Cenomi Centers, Saudi Arabia’s leading mall developer and operator, reported a fall in net profit and revenue in the first quarter of 2026, despite the company claiming the current regional backdrop had a “negligible direct impact” on its performance.
Revenue was SAR583 million in the first three months of the year, only 1 percent lower than over the same period a year ago. Cenomi said this was primarily due to portfolio changes. On a like-for-like basis, the top line rose 4.9 percent year on year.
Footfall was up 2.5 percent year-on-year, while occupancy was 92.4 percent. This reflects continued demand across the portfolio, the company said in a statement to the Saudi stock exchange.

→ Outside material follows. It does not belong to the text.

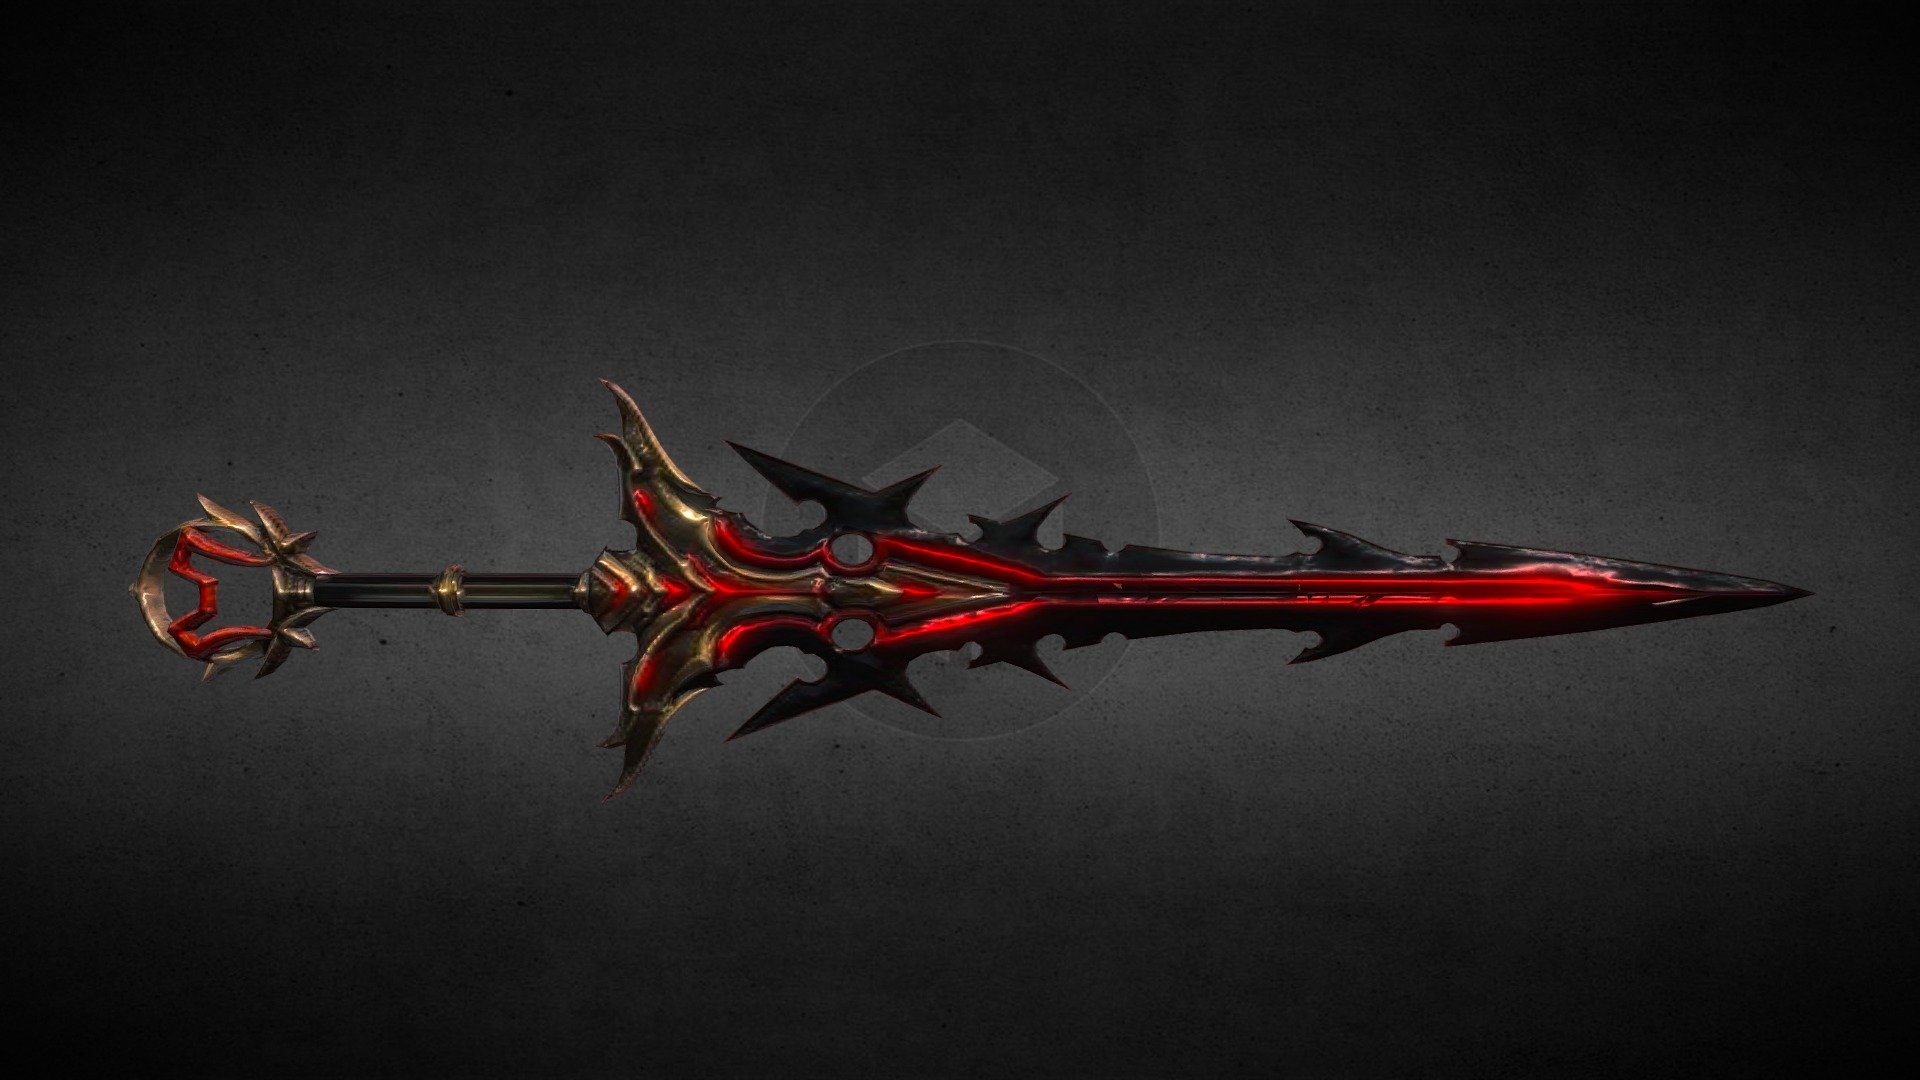 A weapon sword based on the concept art of Yann

I also want to thank everyone for their support, I will continue making these 3d models that I like so much! - Zamorak Godsword - Download Free 3D model by RewriteYourReality 3d model

Net profit fell nearly 9 percent to SAR203 million. Cenomi said this was due to a 33 percent increase in finance costs during an intensive investment phase.
Construction on flagship developments continued during the period. The structural phase of Westfield Jeddah was completed, while Westfield Riyadh is also nearly finished.
By 2029 the company’s gross leasing area is set to grow by over 50 percent to 1.9 million square metres, driven by the building of Westfield Riyadh, Westfield Jeddah, and SDC Al Khobar, plus the three lifestyle centres U Walk Qassim, Murcia Mall and Barakah Mall.
Cenomi Centers has 4,250 stores located in nine Saudi cities.
The company’s shares were trading at SAR17.78, up 1.4 percent, on Sunday afternoon, but are down nearly 6 percent so far this year.